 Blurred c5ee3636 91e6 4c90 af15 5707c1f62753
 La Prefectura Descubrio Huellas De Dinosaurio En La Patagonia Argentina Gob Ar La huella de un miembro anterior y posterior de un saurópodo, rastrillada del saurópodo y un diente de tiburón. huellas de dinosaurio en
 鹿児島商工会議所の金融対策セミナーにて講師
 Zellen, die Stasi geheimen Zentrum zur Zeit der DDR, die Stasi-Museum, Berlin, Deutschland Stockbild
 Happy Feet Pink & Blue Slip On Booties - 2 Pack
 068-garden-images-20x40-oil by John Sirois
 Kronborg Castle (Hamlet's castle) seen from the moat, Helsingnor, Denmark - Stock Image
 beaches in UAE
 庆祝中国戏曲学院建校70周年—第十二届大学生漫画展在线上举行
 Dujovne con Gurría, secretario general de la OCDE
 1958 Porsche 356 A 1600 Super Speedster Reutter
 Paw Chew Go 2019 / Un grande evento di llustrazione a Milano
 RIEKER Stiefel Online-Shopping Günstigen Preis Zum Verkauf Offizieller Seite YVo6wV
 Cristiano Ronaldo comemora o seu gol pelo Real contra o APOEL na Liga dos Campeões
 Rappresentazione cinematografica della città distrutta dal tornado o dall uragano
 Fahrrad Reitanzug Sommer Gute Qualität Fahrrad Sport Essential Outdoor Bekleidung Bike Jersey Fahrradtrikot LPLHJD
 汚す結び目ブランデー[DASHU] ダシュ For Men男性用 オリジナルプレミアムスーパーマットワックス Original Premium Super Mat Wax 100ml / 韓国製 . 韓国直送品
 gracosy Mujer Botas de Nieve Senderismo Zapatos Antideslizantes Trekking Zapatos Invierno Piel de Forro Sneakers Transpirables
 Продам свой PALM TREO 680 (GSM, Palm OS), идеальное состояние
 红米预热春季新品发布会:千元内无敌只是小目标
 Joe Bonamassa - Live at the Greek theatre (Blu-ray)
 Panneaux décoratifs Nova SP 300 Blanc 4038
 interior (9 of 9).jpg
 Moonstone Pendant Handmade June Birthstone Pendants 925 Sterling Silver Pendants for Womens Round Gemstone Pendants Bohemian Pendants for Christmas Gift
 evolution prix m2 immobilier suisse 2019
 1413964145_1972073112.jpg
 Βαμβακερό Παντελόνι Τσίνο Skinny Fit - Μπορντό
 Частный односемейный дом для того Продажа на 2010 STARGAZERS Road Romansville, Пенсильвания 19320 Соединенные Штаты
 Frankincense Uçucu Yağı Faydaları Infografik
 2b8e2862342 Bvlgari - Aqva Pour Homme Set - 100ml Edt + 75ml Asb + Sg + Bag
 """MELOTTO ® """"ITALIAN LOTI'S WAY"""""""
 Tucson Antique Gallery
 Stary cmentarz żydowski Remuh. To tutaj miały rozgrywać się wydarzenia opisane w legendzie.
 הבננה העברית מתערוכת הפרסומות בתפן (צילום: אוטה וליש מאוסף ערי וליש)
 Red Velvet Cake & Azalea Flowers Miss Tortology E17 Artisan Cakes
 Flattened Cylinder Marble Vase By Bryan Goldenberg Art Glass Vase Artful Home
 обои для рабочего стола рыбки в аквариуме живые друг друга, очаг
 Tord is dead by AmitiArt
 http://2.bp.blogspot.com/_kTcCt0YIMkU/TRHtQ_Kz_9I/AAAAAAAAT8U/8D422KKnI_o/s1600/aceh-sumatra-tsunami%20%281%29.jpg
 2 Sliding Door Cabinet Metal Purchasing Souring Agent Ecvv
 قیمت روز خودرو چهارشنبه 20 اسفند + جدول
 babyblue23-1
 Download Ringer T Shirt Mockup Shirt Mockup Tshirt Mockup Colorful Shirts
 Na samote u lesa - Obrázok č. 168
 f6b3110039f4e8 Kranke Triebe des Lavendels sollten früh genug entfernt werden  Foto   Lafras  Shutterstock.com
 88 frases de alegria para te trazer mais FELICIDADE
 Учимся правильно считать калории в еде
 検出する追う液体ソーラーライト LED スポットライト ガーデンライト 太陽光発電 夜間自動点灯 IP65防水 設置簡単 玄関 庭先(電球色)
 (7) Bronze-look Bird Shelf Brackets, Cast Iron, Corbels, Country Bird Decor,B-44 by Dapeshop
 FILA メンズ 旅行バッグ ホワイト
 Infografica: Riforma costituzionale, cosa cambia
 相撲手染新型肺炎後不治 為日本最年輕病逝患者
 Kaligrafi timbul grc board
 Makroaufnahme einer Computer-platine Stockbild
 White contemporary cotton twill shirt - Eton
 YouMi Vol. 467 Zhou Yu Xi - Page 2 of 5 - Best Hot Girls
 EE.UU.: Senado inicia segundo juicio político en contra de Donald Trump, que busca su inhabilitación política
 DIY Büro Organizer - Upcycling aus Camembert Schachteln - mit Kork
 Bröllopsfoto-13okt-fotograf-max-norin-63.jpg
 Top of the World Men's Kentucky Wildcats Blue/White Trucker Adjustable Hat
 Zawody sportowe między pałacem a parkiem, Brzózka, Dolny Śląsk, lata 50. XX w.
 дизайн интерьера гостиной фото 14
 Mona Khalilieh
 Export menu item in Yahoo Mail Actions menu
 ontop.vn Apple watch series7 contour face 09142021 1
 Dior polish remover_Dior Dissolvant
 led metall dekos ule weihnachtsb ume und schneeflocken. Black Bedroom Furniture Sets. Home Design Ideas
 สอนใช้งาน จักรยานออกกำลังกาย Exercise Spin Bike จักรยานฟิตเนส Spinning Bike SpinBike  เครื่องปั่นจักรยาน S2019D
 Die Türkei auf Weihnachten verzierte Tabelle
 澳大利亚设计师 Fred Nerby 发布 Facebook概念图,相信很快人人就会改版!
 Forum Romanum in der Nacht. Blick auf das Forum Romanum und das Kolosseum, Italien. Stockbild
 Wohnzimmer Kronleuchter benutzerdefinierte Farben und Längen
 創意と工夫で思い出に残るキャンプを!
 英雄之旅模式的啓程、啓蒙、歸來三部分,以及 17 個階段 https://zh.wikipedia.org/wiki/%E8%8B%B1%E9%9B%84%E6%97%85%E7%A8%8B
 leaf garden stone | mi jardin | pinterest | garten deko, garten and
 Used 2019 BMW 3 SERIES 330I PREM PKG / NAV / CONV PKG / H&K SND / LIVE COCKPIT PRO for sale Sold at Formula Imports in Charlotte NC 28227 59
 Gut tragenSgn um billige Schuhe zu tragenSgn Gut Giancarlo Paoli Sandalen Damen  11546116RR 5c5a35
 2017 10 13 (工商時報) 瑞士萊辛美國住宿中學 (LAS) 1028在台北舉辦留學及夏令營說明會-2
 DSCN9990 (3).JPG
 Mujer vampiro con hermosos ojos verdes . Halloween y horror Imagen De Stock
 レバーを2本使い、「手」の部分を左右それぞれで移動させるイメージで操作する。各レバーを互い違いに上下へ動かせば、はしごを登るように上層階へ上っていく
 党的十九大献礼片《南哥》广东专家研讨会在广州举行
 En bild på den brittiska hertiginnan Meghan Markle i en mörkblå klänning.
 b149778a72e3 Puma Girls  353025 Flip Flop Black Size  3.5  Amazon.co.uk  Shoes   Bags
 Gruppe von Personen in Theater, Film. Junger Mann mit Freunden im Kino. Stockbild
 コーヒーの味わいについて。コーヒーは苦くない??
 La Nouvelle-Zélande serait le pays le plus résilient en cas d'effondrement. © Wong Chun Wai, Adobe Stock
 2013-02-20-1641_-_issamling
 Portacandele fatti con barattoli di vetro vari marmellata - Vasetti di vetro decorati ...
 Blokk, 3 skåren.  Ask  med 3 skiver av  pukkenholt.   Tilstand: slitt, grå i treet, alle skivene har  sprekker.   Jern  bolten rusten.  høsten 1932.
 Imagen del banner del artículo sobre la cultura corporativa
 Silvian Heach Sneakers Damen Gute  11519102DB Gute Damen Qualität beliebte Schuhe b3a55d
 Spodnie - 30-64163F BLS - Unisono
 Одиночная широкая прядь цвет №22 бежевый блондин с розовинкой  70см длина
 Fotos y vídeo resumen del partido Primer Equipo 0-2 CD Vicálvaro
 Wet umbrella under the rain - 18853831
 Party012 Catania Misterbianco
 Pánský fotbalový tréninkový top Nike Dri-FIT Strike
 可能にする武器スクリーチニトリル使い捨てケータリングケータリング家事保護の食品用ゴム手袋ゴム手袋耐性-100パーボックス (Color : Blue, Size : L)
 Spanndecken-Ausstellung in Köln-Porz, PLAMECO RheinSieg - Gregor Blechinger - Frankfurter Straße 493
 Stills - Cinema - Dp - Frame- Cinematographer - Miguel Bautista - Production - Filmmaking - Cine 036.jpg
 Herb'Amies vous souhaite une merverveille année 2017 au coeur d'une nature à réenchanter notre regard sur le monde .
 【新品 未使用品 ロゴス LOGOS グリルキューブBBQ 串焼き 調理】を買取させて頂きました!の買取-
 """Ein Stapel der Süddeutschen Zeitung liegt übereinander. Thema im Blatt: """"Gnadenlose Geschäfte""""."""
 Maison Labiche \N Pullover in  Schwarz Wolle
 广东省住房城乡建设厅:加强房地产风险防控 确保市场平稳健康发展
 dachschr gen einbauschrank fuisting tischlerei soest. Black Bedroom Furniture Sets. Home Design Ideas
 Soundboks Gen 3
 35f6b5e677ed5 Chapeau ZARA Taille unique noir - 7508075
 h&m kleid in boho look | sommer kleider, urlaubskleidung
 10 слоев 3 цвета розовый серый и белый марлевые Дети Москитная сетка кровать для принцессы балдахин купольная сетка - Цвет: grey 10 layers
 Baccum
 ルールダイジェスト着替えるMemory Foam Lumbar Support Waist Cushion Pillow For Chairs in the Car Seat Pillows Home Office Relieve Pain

> [Brief] Out of the entries above, write out only the lines between the line holding "led metall dekos" and the line holding "En bild på den", inclusive, each exactly as given.

> [Answer]
 led metall dekos ule weihnachtsb ume und schneeflocken. Black Bedroom Furniture Sets. Home Design Ideas
 สอนใช้งาน จักรยานออกกำลังกาย Exercise Spin Bike จักรยานฟิตเนส Spinning Bike SpinBike  เครื่องปั่นจักรยาน S2019D
 Die Türkei auf Weihnachten verzierte Tabelle
 澳大利亚设计师 Fred Nerby 发布 Facebook概念图,相信很快人人就会改版!
 Forum Romanum in der Nacht. Blick auf das Forum Romanum und das Kolosseum, Italien. Stockbild
 Wohnzimmer Kronleuchter benutzerdefinierte Farben und Längen
 創意と工夫で思い出に残るキャンプを!
 英雄之旅模式的啓程、啓蒙、歸來三部分,以及 17 個階段 https://zh.wikipedia.org/wiki/%E8%8B%B1%E9%9B%84%E6%97%85%E7%A8%8B
 leaf garden stone | mi jardin | pinterest | garten deko, garten and
 Used 2019 BMW 3 SERIES 330I PREM PKG / NAV / CONV PKG / H&K SND / LIVE COCKPIT PRO for sale Sold at Formula Imports in Charlotte NC 28227 59
 Gut tragenSgn um billige Schuhe zu tragenSgn Gut Giancarlo Paoli Sandalen Damen  11546116RR 5c5a35
 2017 10 13 (工商時報) 瑞士萊辛美國住宿中學 (LAS) 1028在台北舉辦留學及夏令營說明會-2
 DSCN9990 (3).JPG
 Mujer vampiro con hermosos ojos verdes . Halloween y horror Imagen De Stock
 レバーを2本使い、「手」の部分を左右それぞれで移動させるイメージで操作する。各レバーを互い違いに上下へ動かせば、はしごを登るように上層階へ上っていく
 党的十九大献礼片《南哥》广东专家研讨会在广州举行
 En bild på den brittiska hertiginnan Meghan Markle i en mörkblå klänning.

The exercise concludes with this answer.